# EXERCISE DESCRIPTION
Only the lines below from the one containing "Propet Men's Ridge" through the one containing "Scoala Gimnaziala Ferdinand I" belong in the answer, repeated exactly and without pictures.

# EXERCISE DATA
************
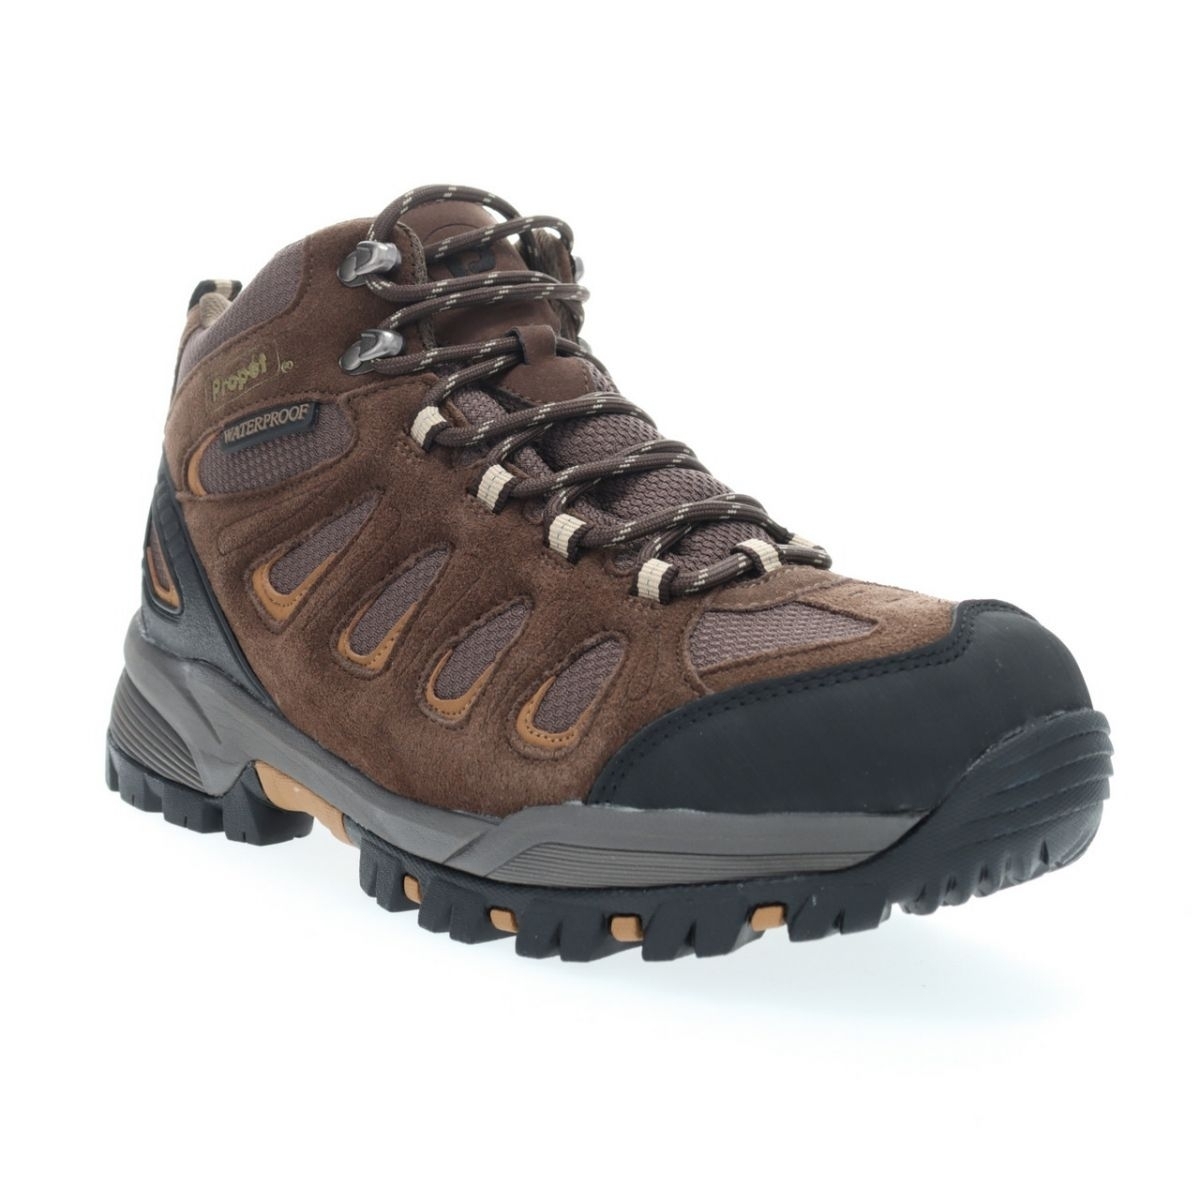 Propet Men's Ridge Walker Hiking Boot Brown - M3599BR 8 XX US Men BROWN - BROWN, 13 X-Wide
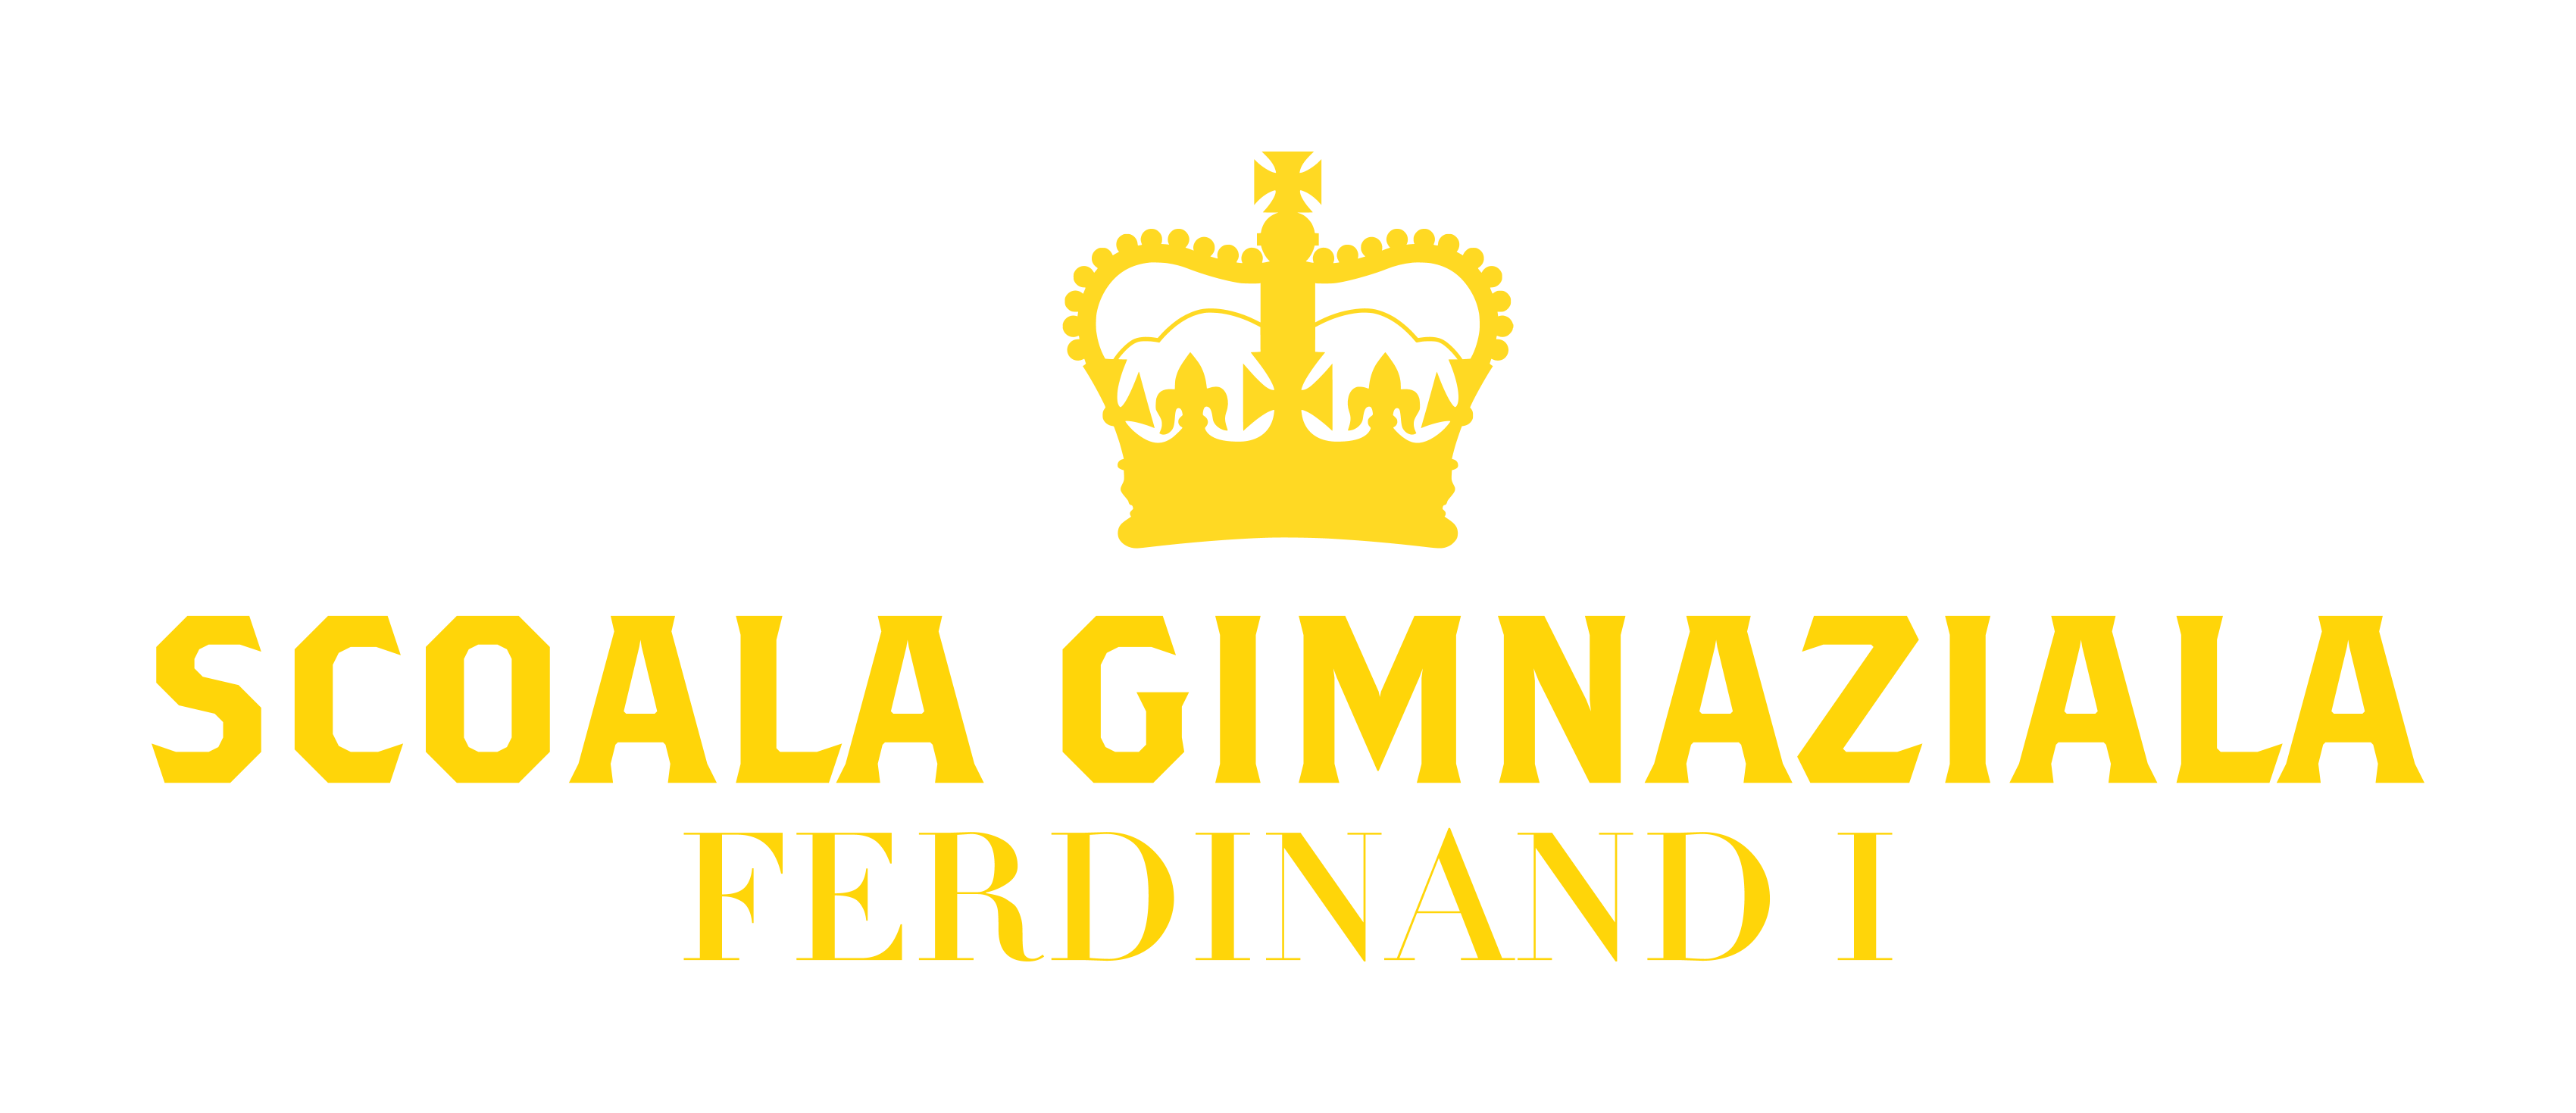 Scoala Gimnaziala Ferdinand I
************
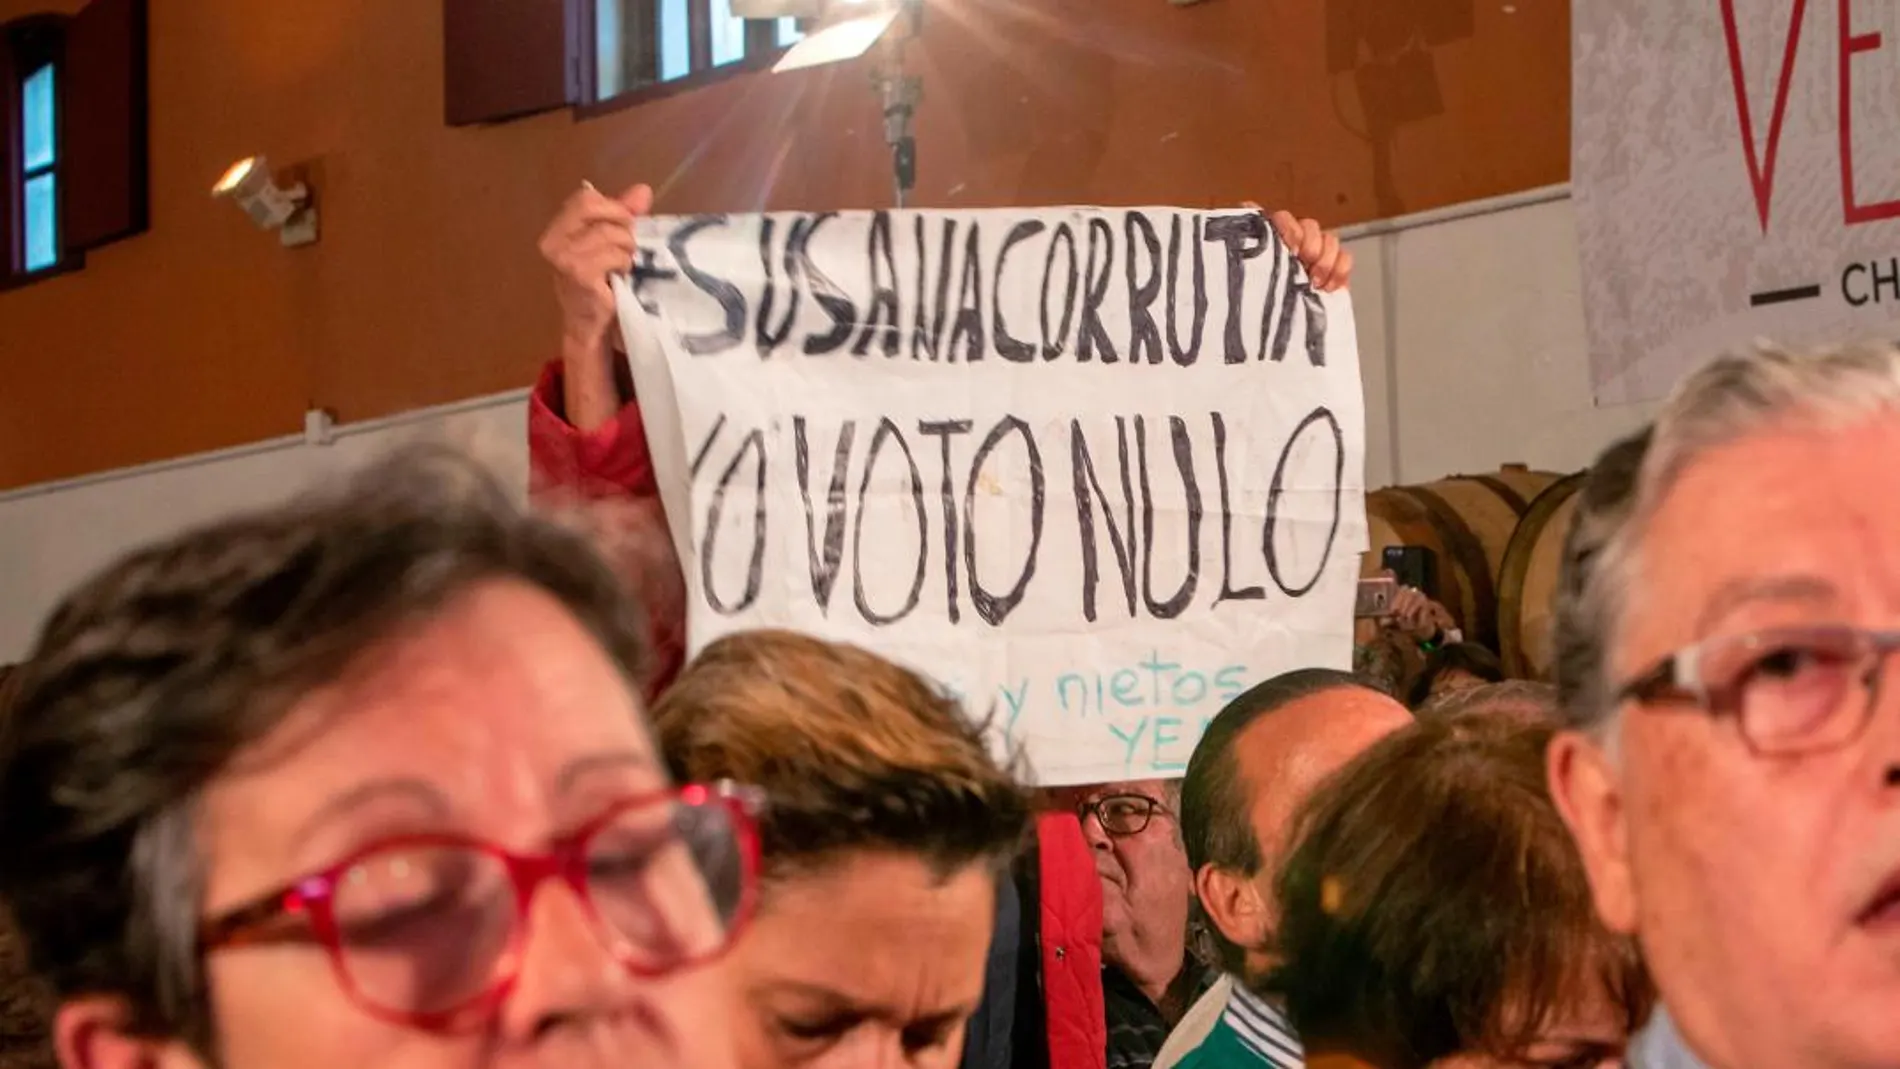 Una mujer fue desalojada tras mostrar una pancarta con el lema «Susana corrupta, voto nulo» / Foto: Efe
************
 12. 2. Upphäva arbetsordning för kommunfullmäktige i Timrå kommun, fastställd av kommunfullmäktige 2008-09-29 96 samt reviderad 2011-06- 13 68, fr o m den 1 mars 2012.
************
# SOLUTION FOR THIS PROBLEM
 Propet Men's Ridge Walker Hiking Boot Brown - M3599BR 8 XX US Men BROWN - BROWN, 13 X-Wide
 Scoala Gimnaziala Ferdinand I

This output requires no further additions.